A must-read from Rob Weinert-Kendt on
the need for importance in theater:
But why do I feel the need to go further than to say it's entertaining and leave it at that? I agree with one of the more astute critics I read,
David Barbour, that the play does have more to say than may meet the eye—for one, there's that extraordinary monologue, delivered by Alan Rickman, at maybe the two-thirds-point, which anatomizes a writer's dissipation in terms at once hilarious, acrid, and finally existential. But how much does a play that entertains us this well in the moment need to also satisfy our sense that it's also deeply valuable on some world-historical level, and/or that it will "survive" and somehow measure up beyond this production, i.e., without the first-rate cast and director it has now? (It's not unlike the dilemma I outlined in
my thoughts about Jerusalem.)
It has a lot to do with what we mean when we say we're entertained—with what parts of us a play tickles, flatters, stimulates. We feel cheap if it's just pumping us for laughs, flattered if we're allowed space to think for ourselves about what we're watching, stimulated if we're surprised or teased into thinking about something more than what we're watching (other than the grocery list). But are a tickle, a tease, and a release of laughter enough?
Isaac
tags on:
I wonder if this has to do with two other currents within the theater: its irrelevance to the culture at large and the price of its tickets. Do we do this because we're shelling out a lot of money and thus we either want a Big Epic Production OMG!!!1! or we want to know that we've seen something capital-i-Important? Do we also do this because we have anxiety over the art form we love-- whether as audiences, artists or both-- and that the heyday of it as a cultural force in America has been over for some time? Thus, if we're going to go play in our little sandbox, do we need the validation that what we're doing is vital, damnit, even if nobody's looking?

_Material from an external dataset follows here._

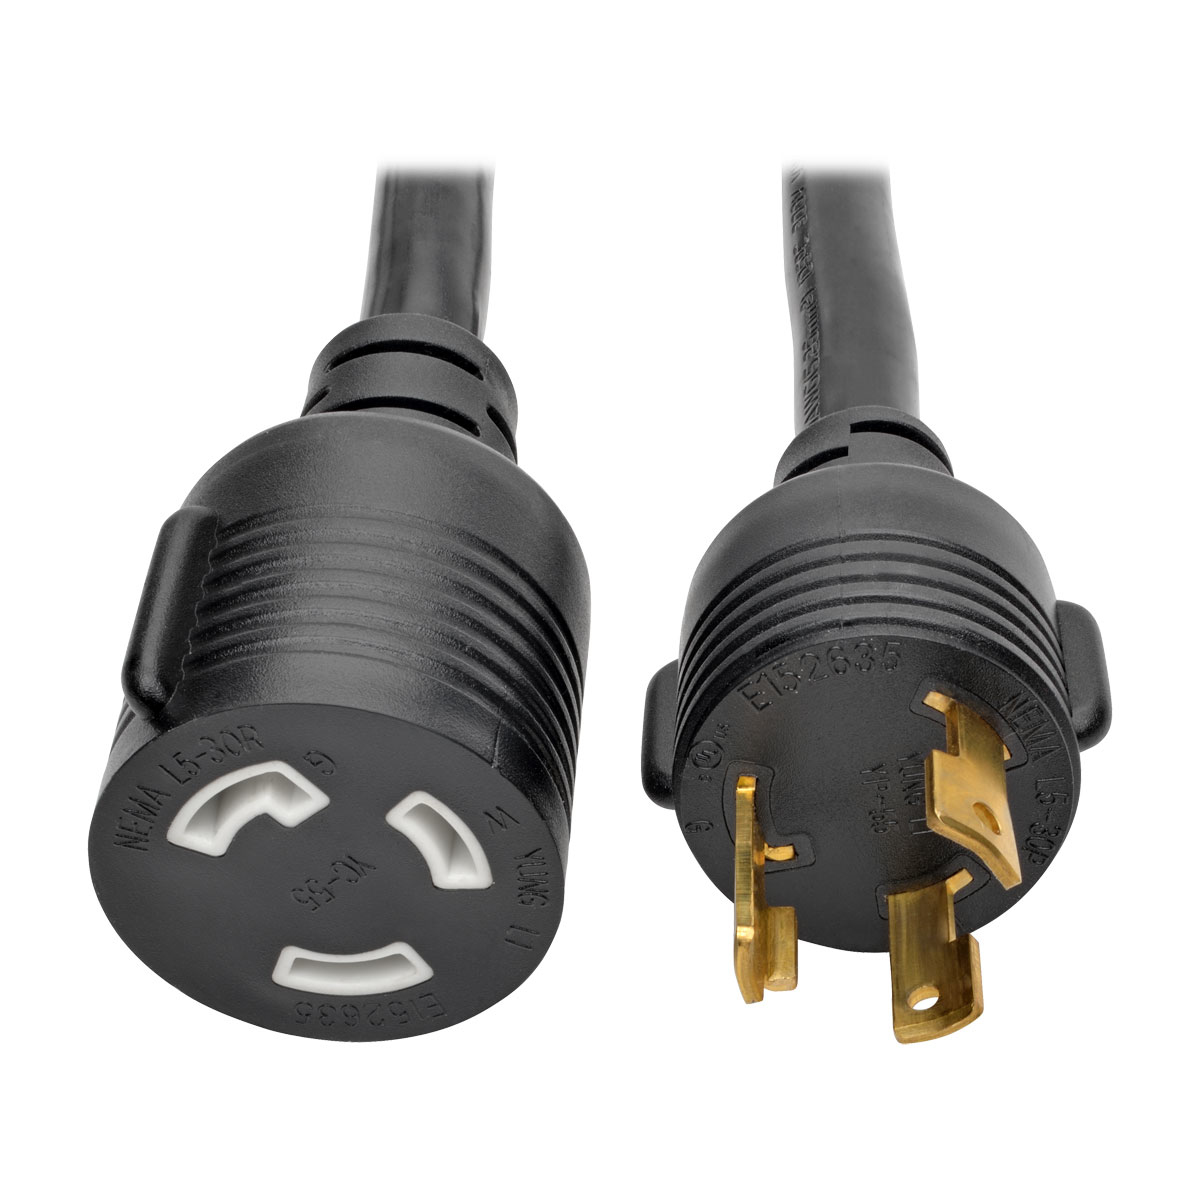 Heavy-Duty Power Extension Cord 30A 10 AWG (NEMA L5-30P to NEMA L5-30R)  Locking Connectors 15 ft. - Power extension cable - NEMA L5-30 (P) to NEMA L5-30 - 125 V - 30 A - 15 ft - molded - black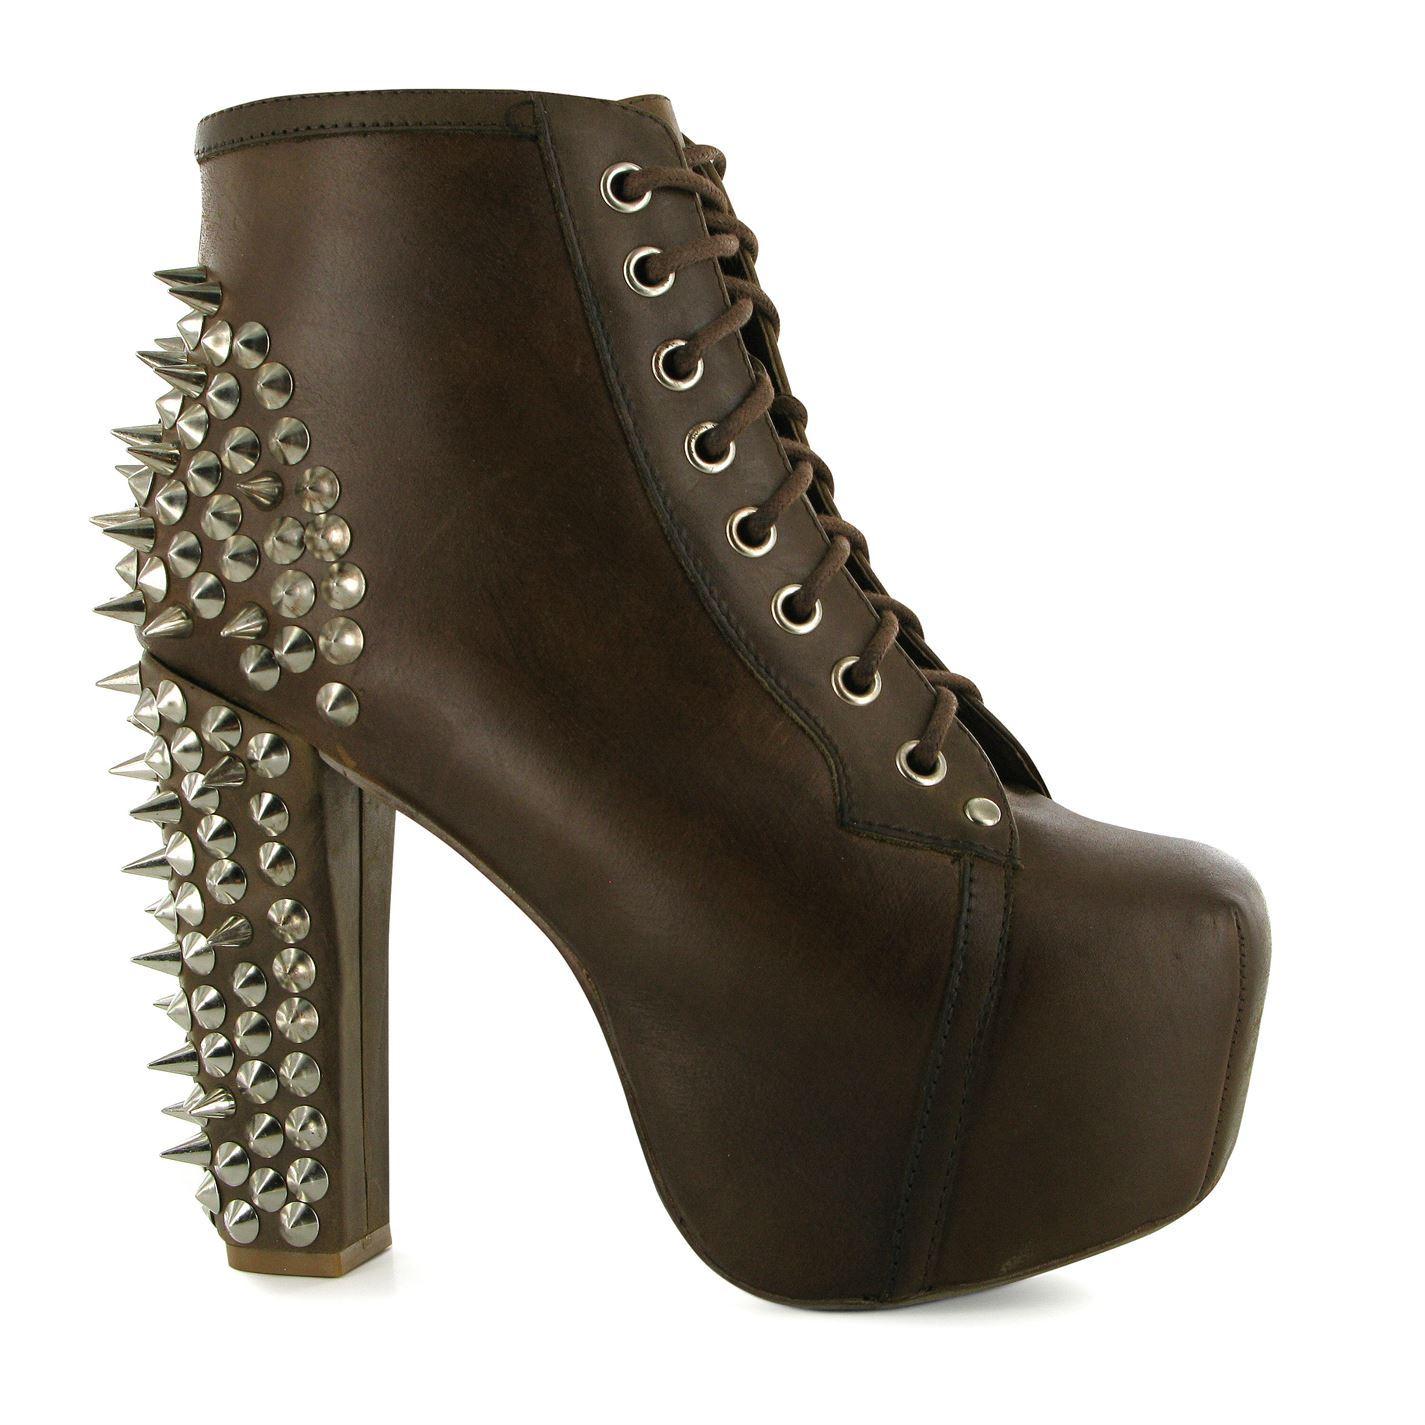 Jeffrey campbell womens lita spike cushioned shoes block heels lace up casual - Jeffrey campbell lita spike ...

Isaac's got two of the ingredients for our need for theater, but hey, let me throw out a third: the alternatives are getting cheaper, and you can have them delivered to your home!
Suppose history had been reversed, and these things had been invented before theater. Now a theater person comes along and says, "Hey, instead of sitting at home on your couch and watching this entertainment, why don't you get in a car, drive for fifteen to forty minutes to a theater, pay fifteen to fifteen hundred dollars, sit in a foreign and probably uncomfortable environment."
You had better do something better, or at least make me feel like it's better.
So, one way is simply to do something of higher quality. But, hey, everyone says that their thing is of higher quality. That's hard to communicate. So many be a nice shorthand would be to tell them, "Our thing is more important."